**Exercise requirements**:
Starting with the line that holds "Experience fun activities", reproduce each line through the last one of the data, exactly as written. Pictures are not copied.

**Source material**:
════════════════════

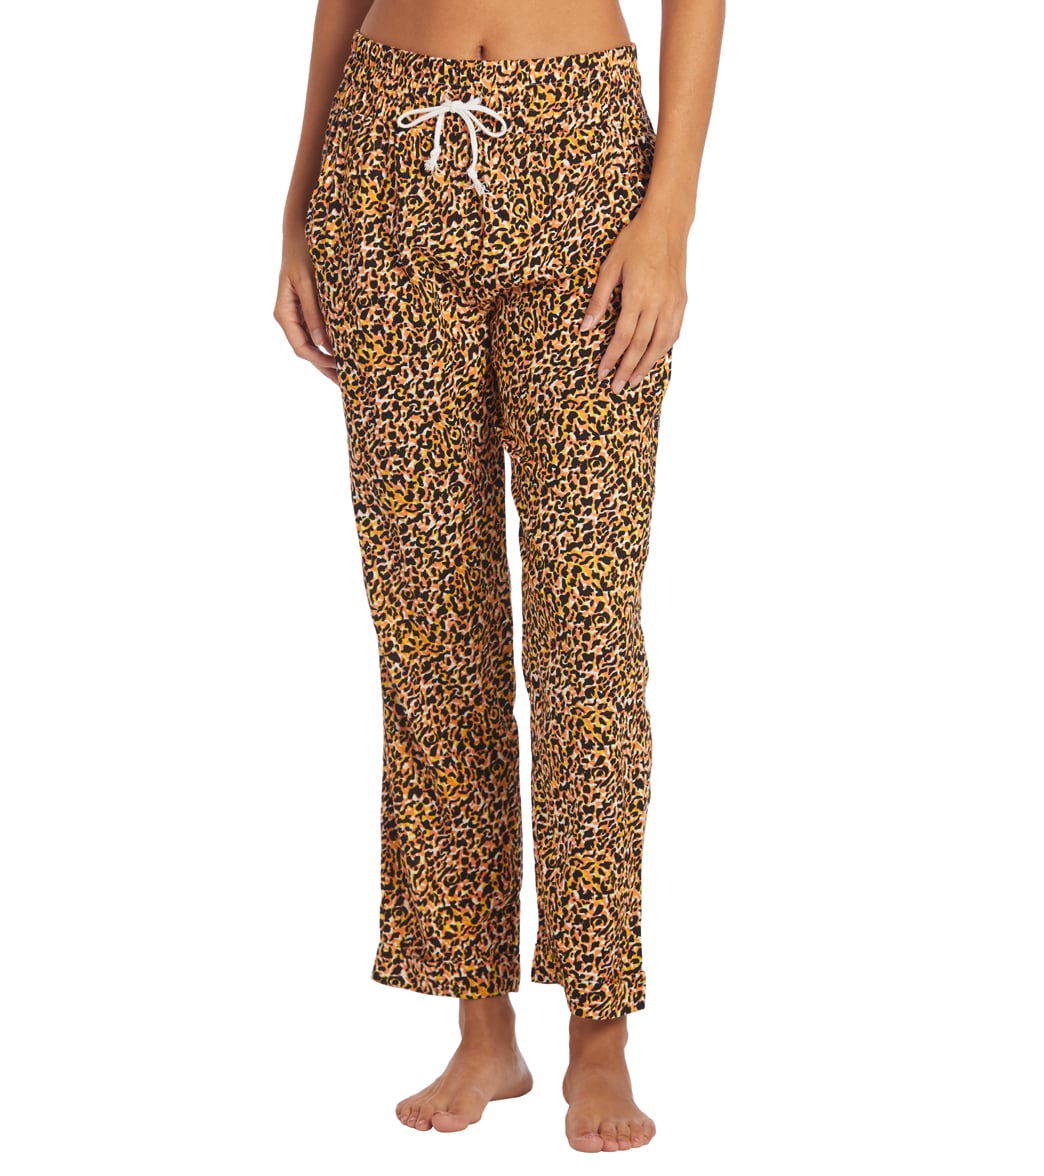 Hurley Women's Easy Rolled Cuff Pants - Wild Party Medium - Swimoutlet.com
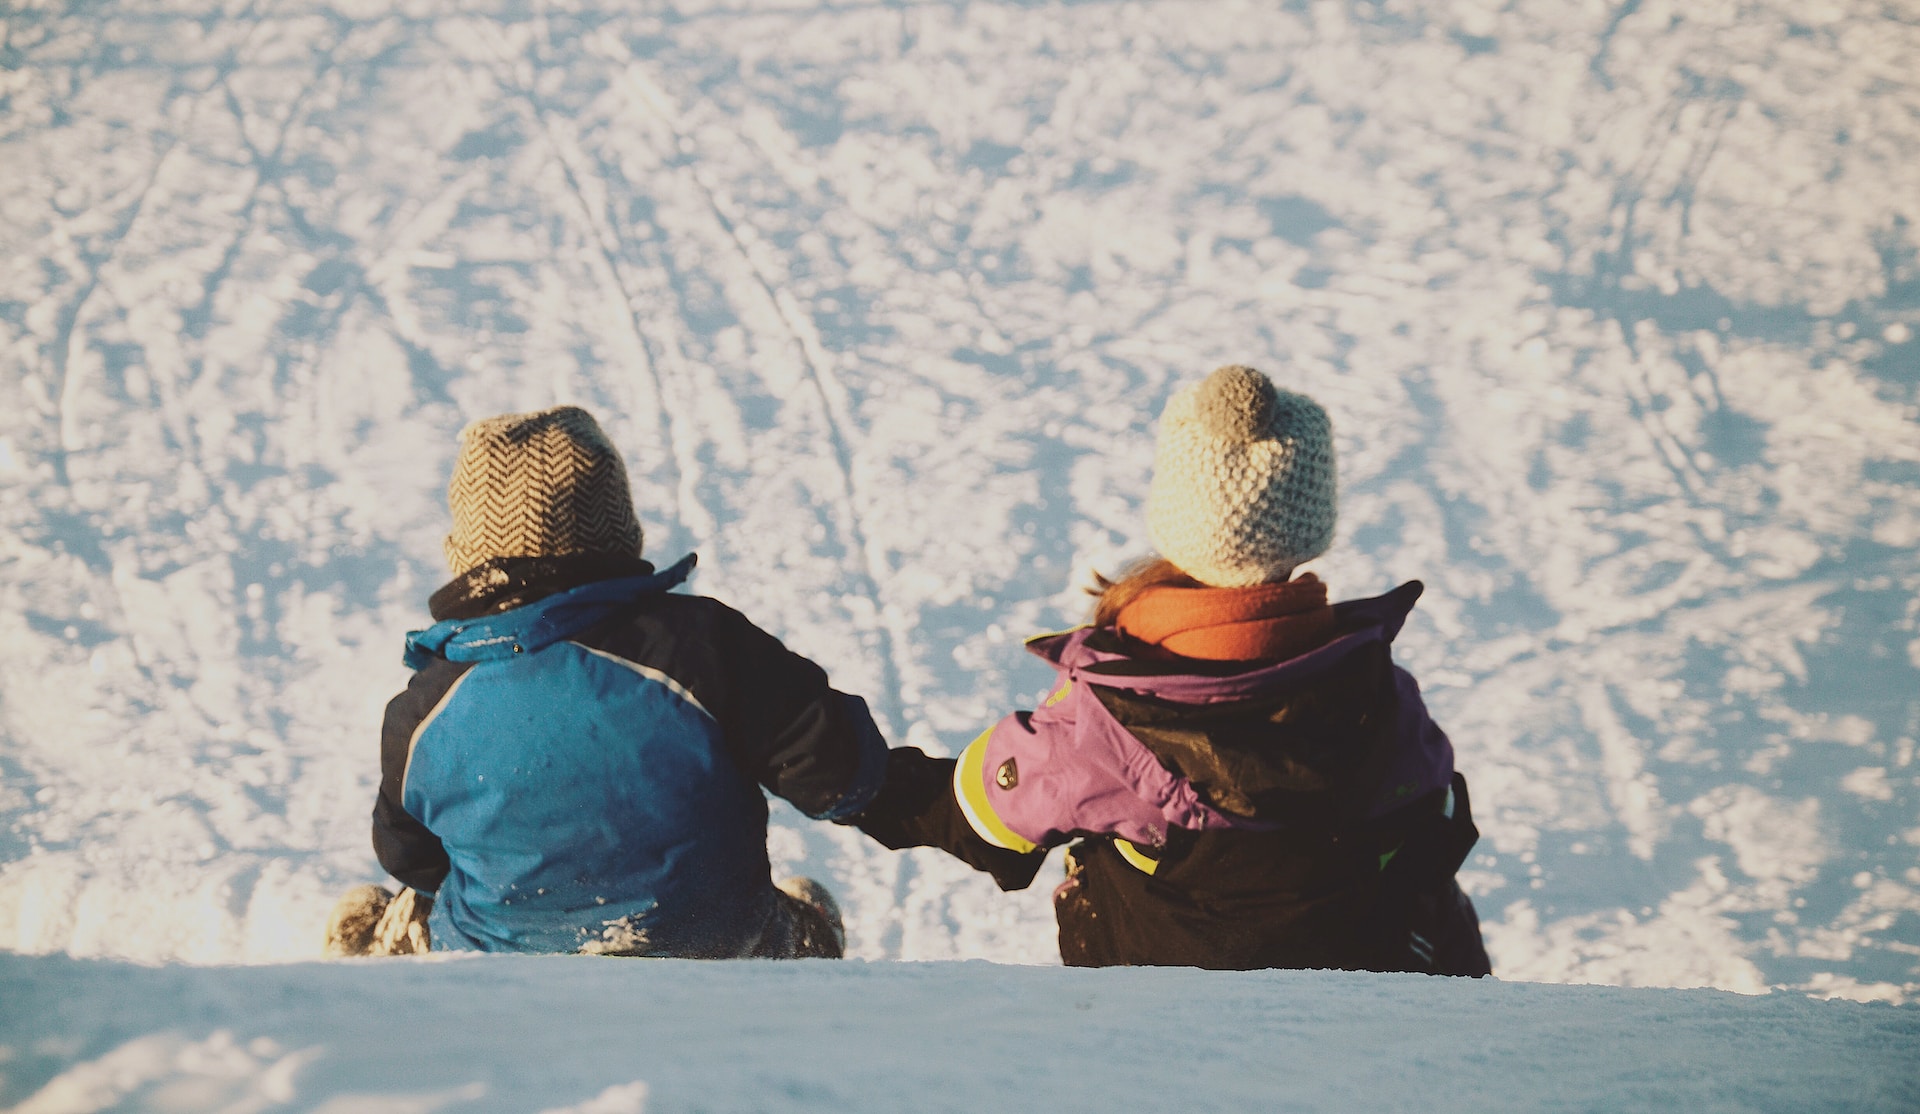 Experience fun activities when traveling to Winter Park with children
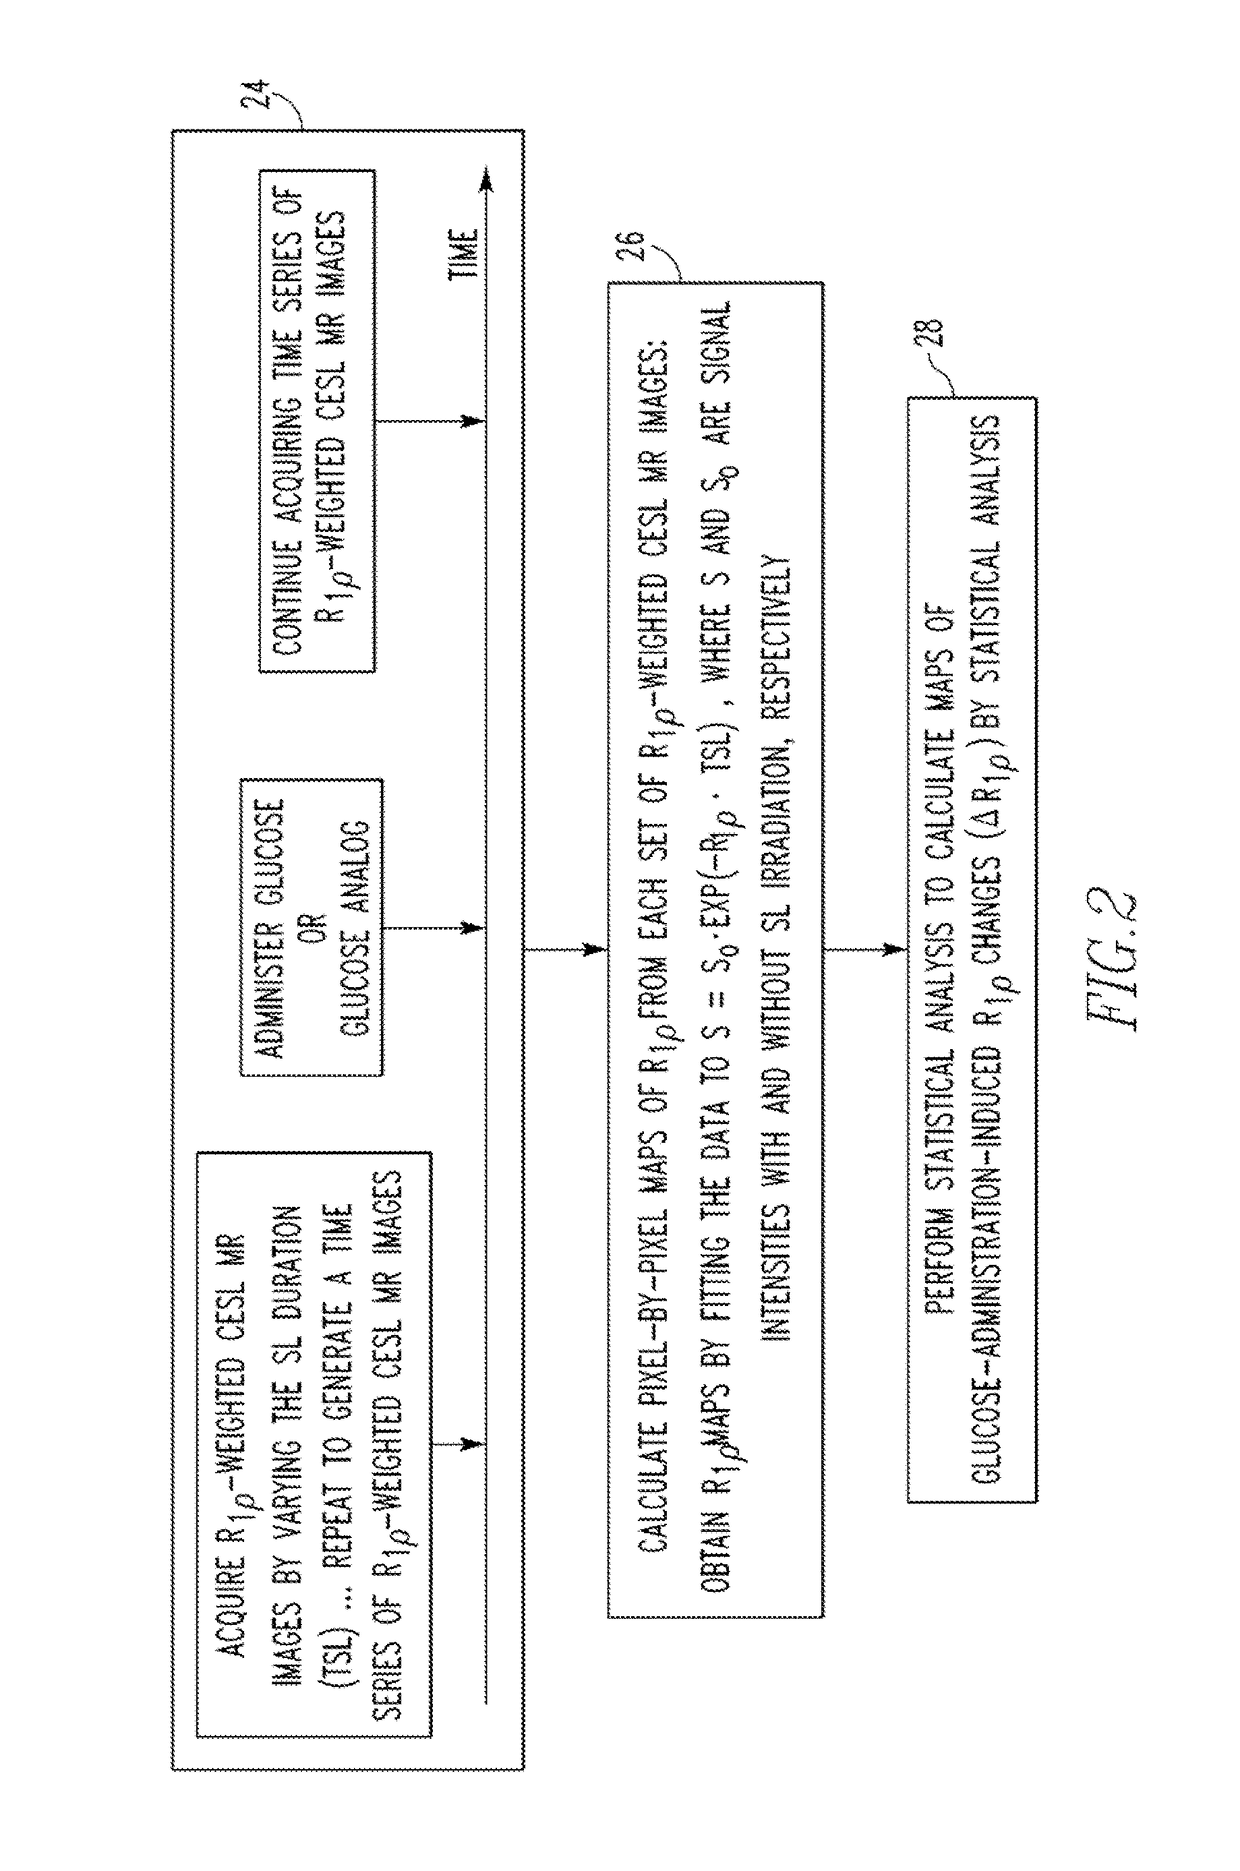 Method and system for monitoring glucose transport and metabolism by spin-lock magnetic resonance

════════════════════

**Answer for the task**:
 Experience fun activities when traveling to Winter Park with children
 Method and system for monitoring glucose transport and metabolism by spin-lock magnetic resonance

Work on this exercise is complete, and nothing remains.